🤖 AI Summary
FC-Datalog, a string-logic query language, suffers from limited expressiveness and uncontrolled computational complexity.
Method: We propose a modular optimization framework targeting LOGSPACE. First, we extend FC logic with recursion to enable recursive definition and efficient evaluation of core spanners. Second, we design several syntactically restricted FC-Datalog fragments—achieving, for the first time in the string context, both LOGSPACE decidability and linear combined complexity. Third, we integrate word equations, regular constraints, recursive Datalog, and model-checking optimizations.
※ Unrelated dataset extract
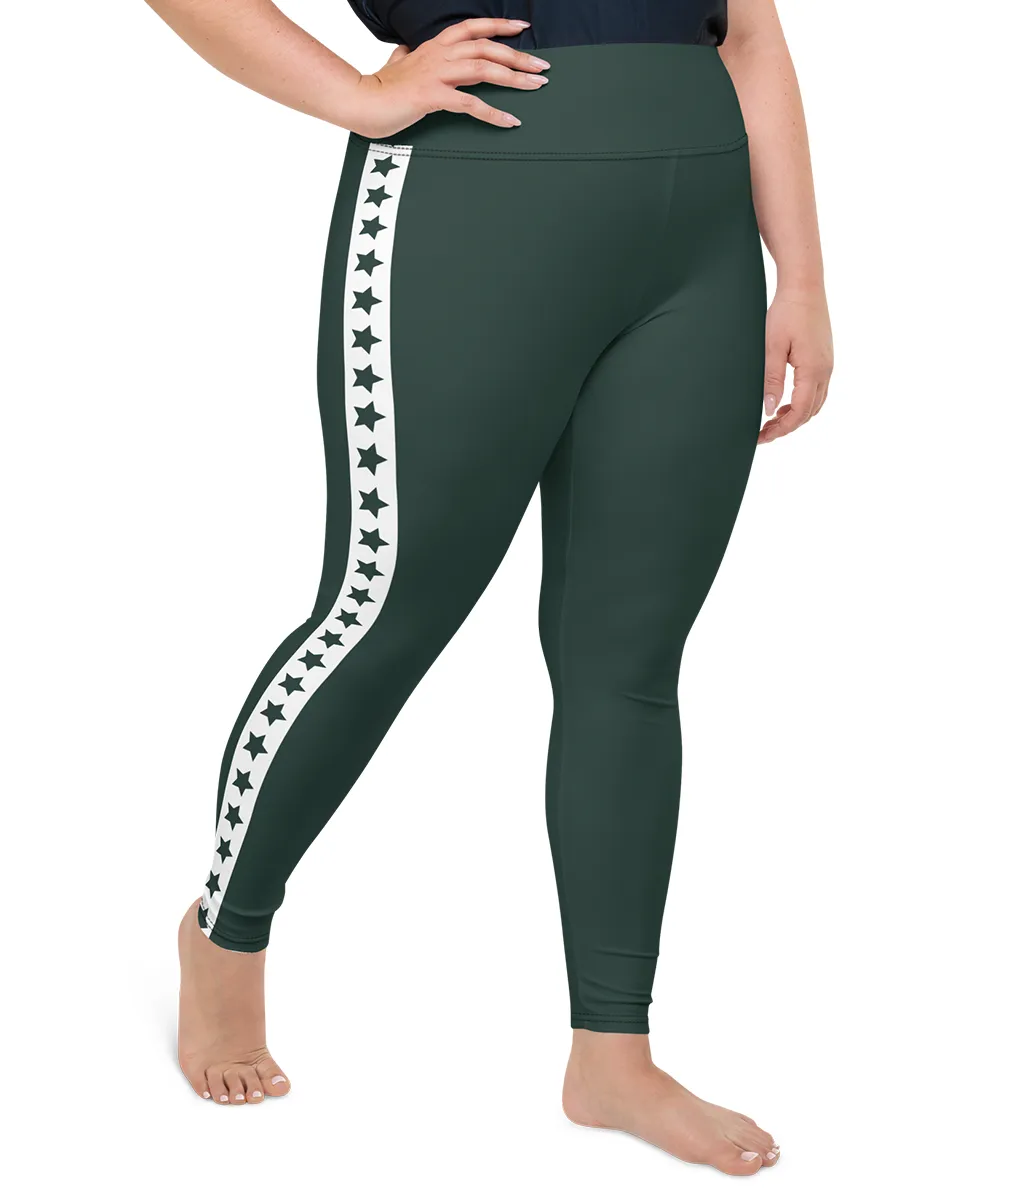 Side Stripe Star Plus Size Leggings - Designed By Squeaky Chimp T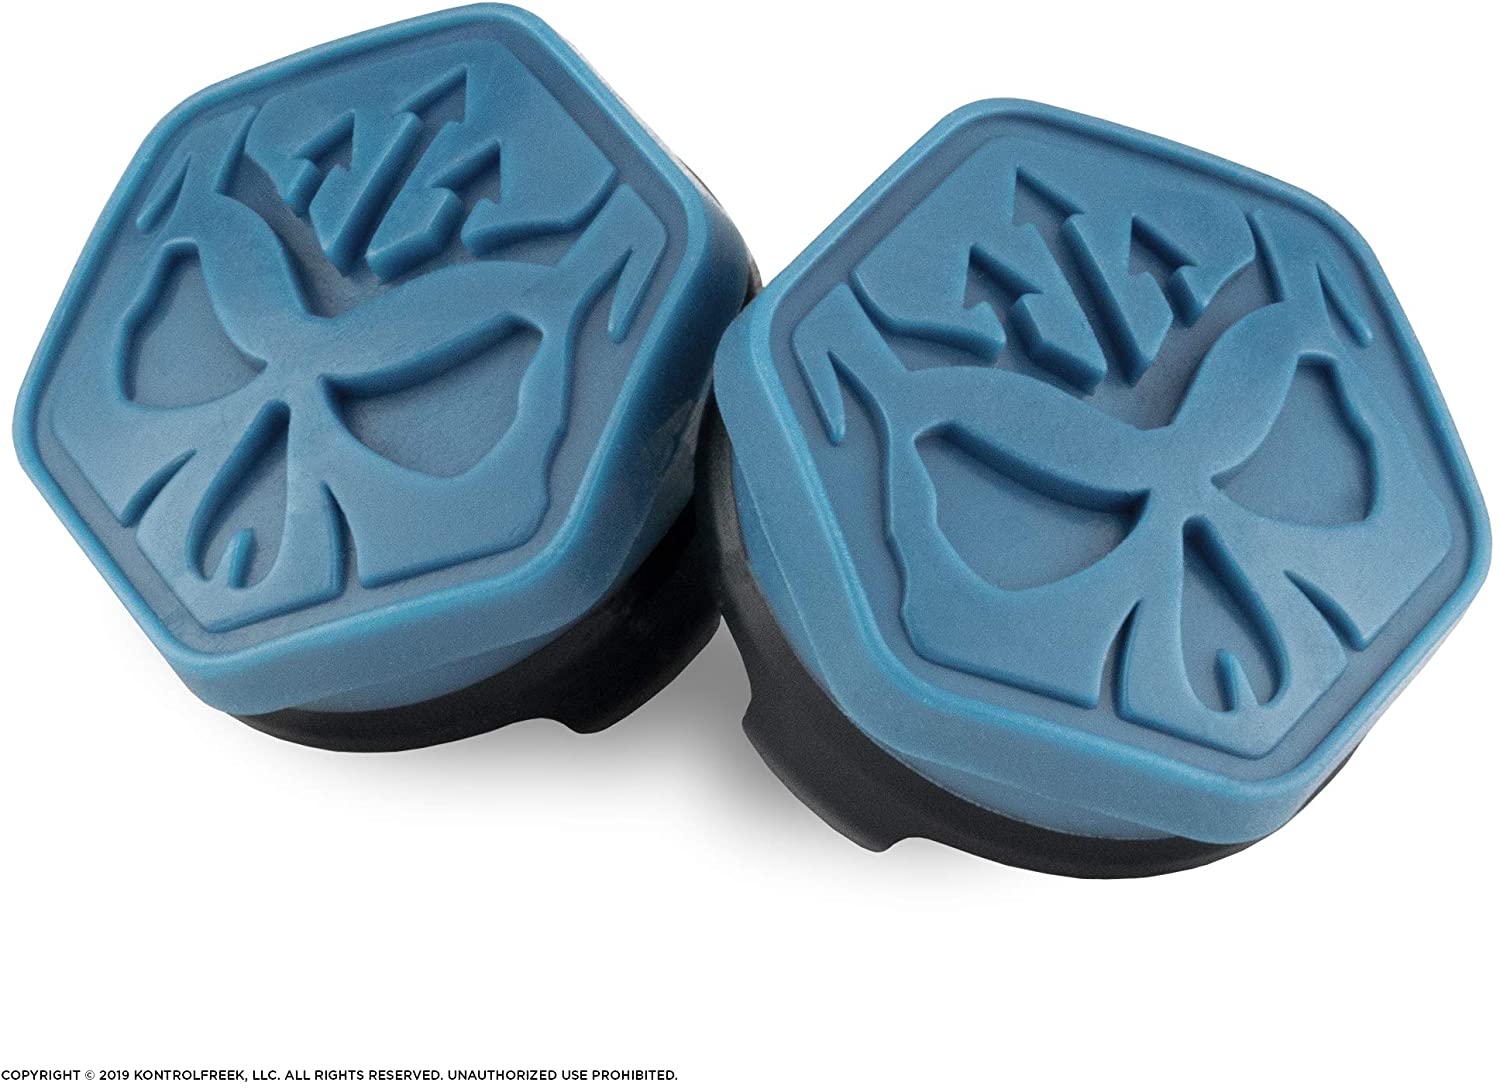 KontrolFreek Call of Duty Modern Warfare Performance Thumbsticks for PS4 and PS5 | Blue/Black

Contribution/Results: We establish the first string-recursive query framework that is both theoretically rigorous—precisely characterizing LOGSPACE—and practically viable, supporting deterministic regular expression simulation and application-specific customization. Our framework significantly improves model-checking efficiency and enables modular, compositional verification of string-manipulating programs.
📝 Abstract
Core spanners are a class of document spanners that capture the core functionality of IBM's AQL. FC is a logic on strings built around word equations that when extended with constraints for regular languages can be seen as a logic for core spanners. The recently introduced FC-Datalog extends FC with recursion, which allows us to define recursive relations for core spanners. Additionally, as FC-Datalog captures P, it is also a tractable version of Datalog on strings. This presents an opportunity for optimization. We propose a series of FC-Datalog fragments with desirable properties in terms of complexity of model checking, expressive power, and efficiency of checking membership in the fragment. This leads to a range of fragments that all capture LOGSPACE, which we further restrict to obtain linear combined complexity. This gives us a framework to tailor fragments for particular applications. To showcase this, we simulate deterministic regex in a tailored fragment of FC-Datalog.